> **Supplied material**
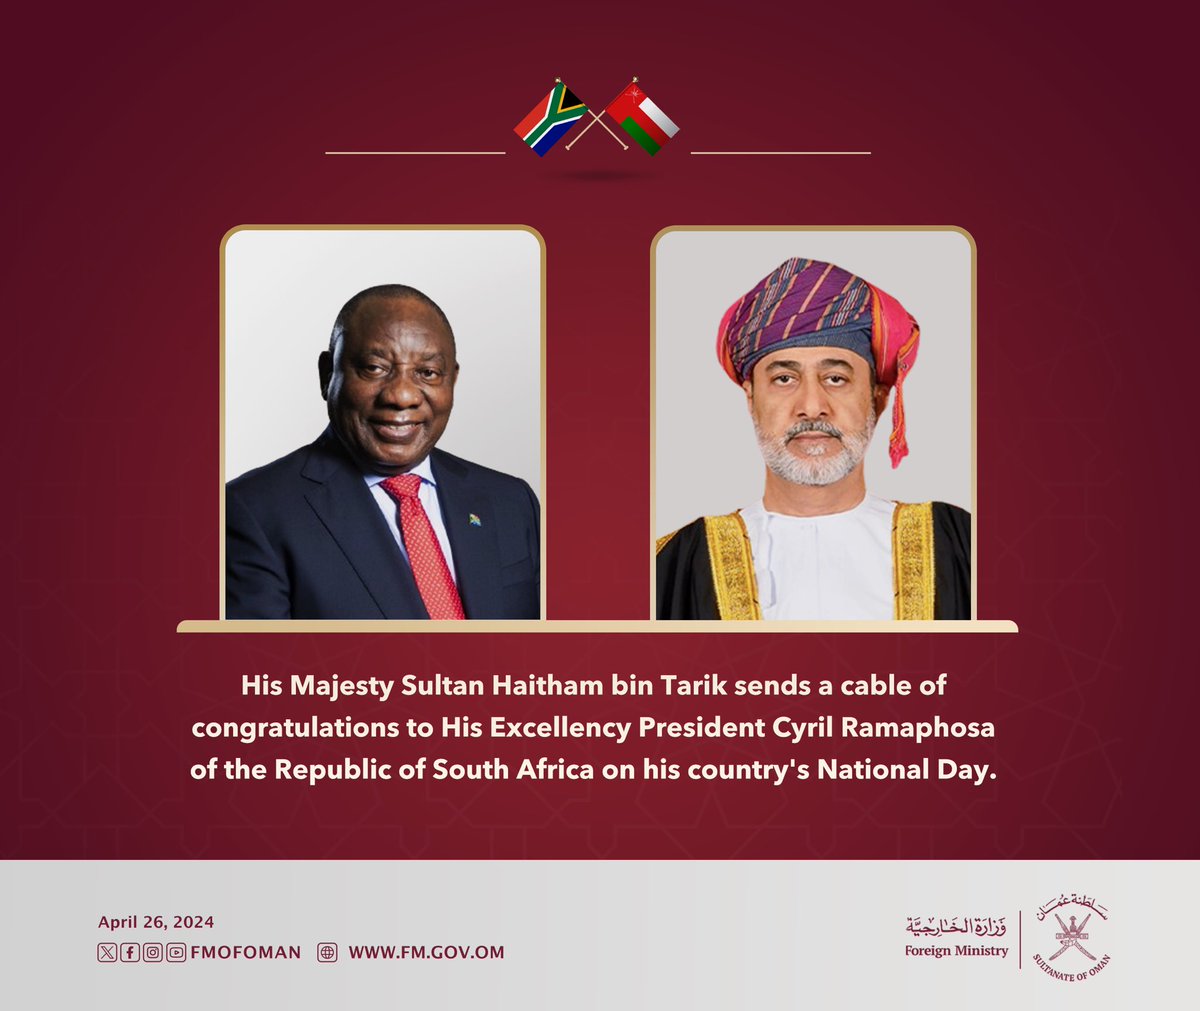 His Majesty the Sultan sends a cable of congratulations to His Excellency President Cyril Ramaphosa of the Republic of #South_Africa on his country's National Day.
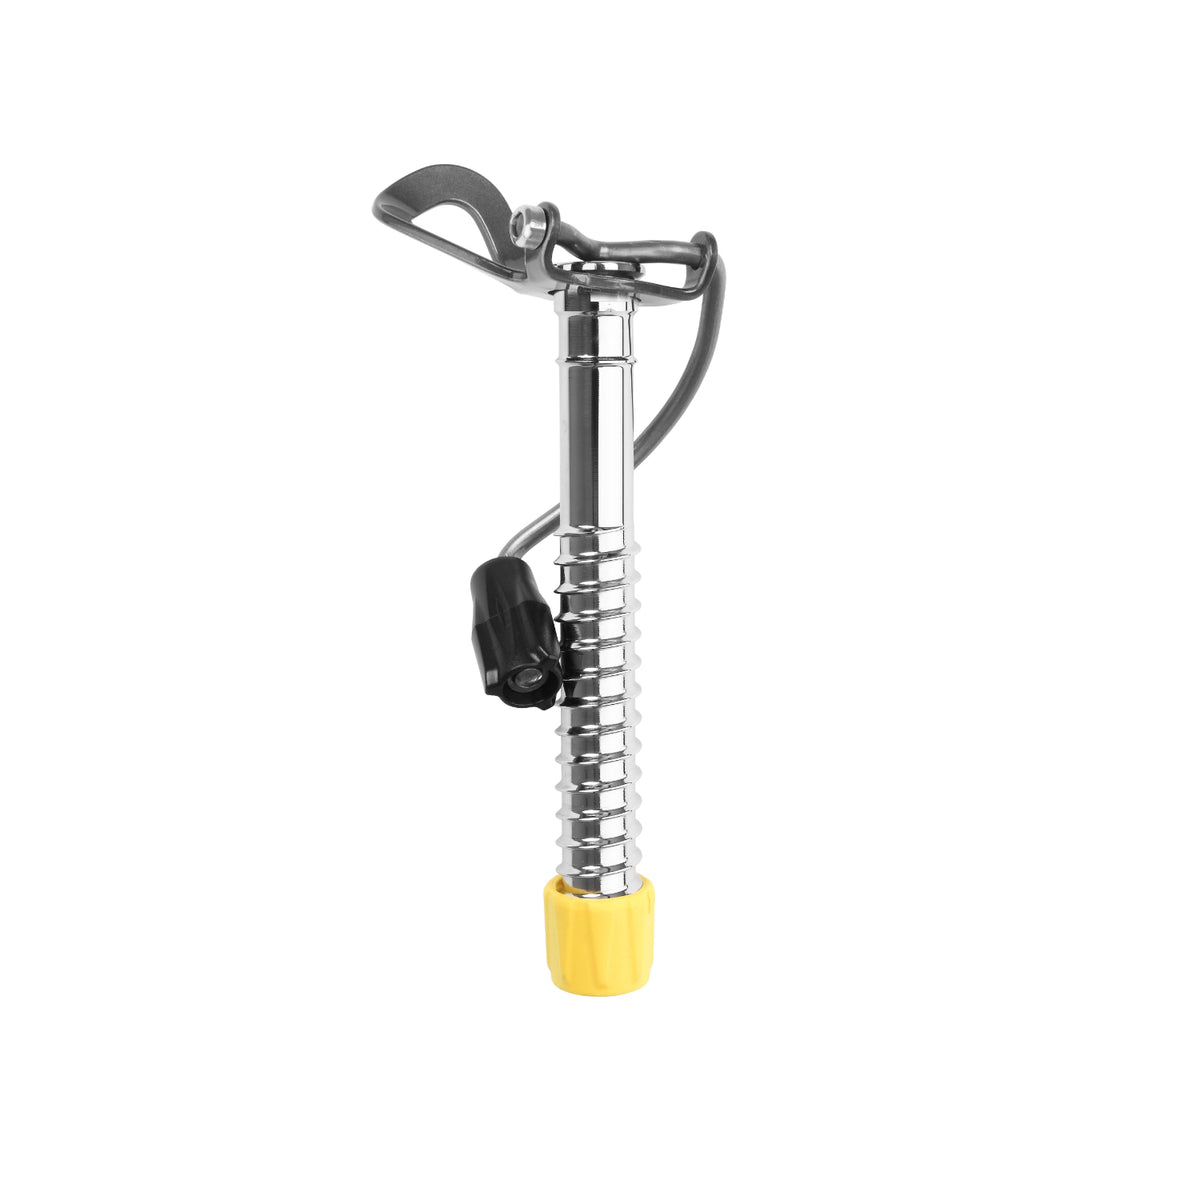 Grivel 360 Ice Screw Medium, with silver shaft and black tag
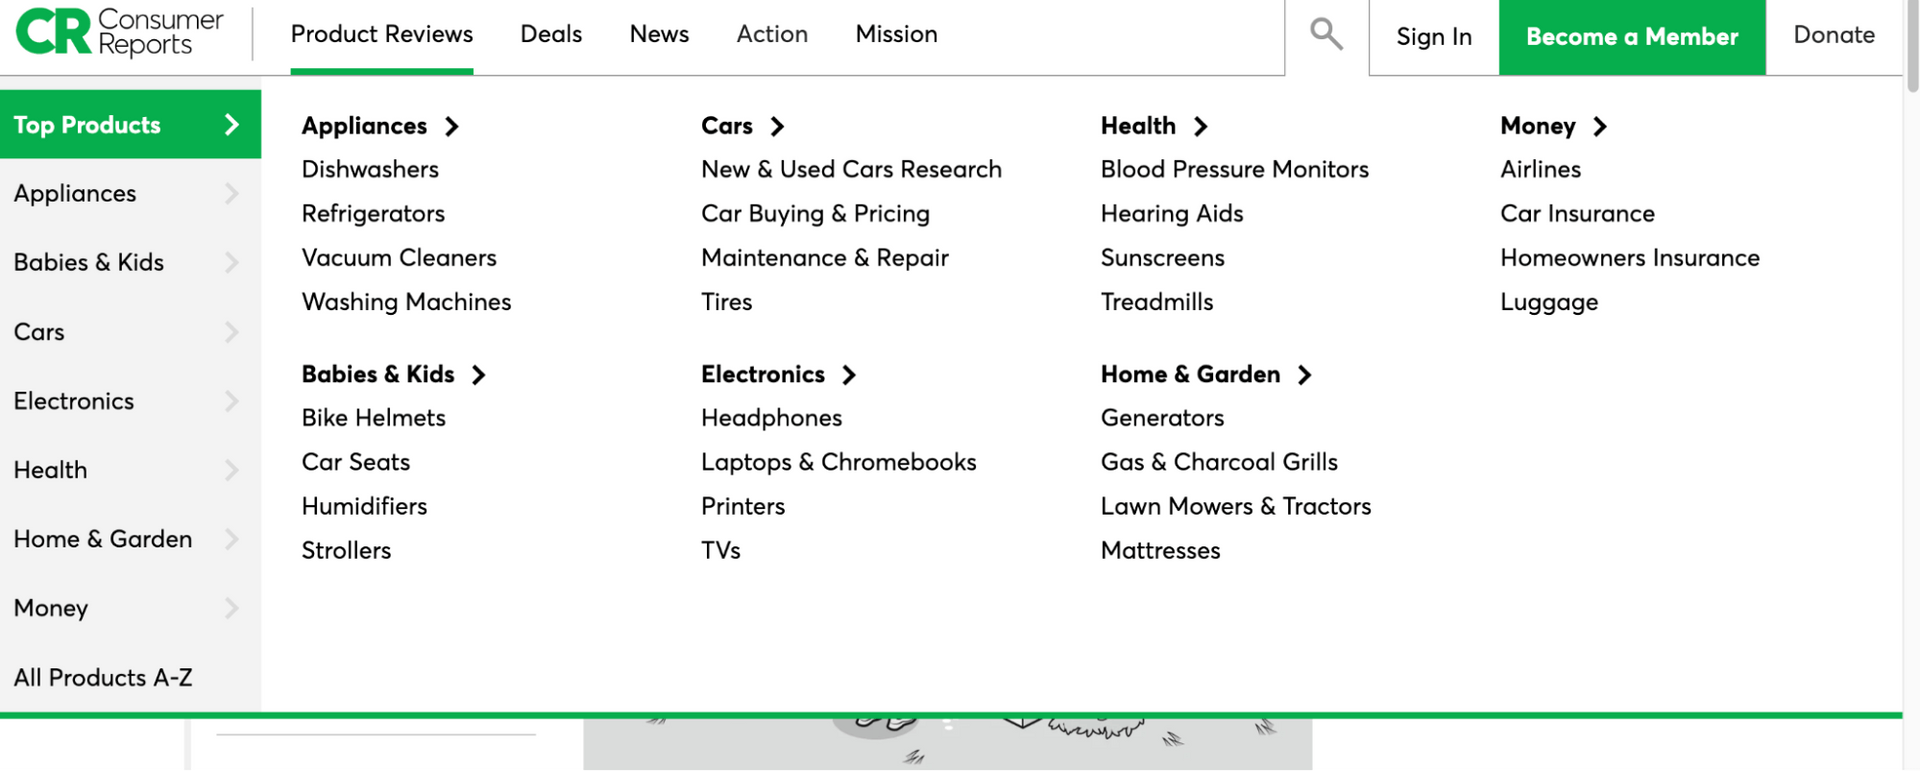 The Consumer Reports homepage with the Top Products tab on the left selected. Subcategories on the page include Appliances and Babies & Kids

> **Work to be completed**
Set down the material above word for word and skip its pictures.

> **Solution to this problem**
 His Majesty the Sultan sends a cable of congratulations to His Excellency President Cyril Ramaphosa of the Republic of #South_Africa on his country's National Day.
 Grivel 360 Ice Screw Medium, with silver shaft and black tag
 The Consumer Reports homepage with the Top Products tab on the left selected. Subcategories on the page include Appliances and Babies & Kids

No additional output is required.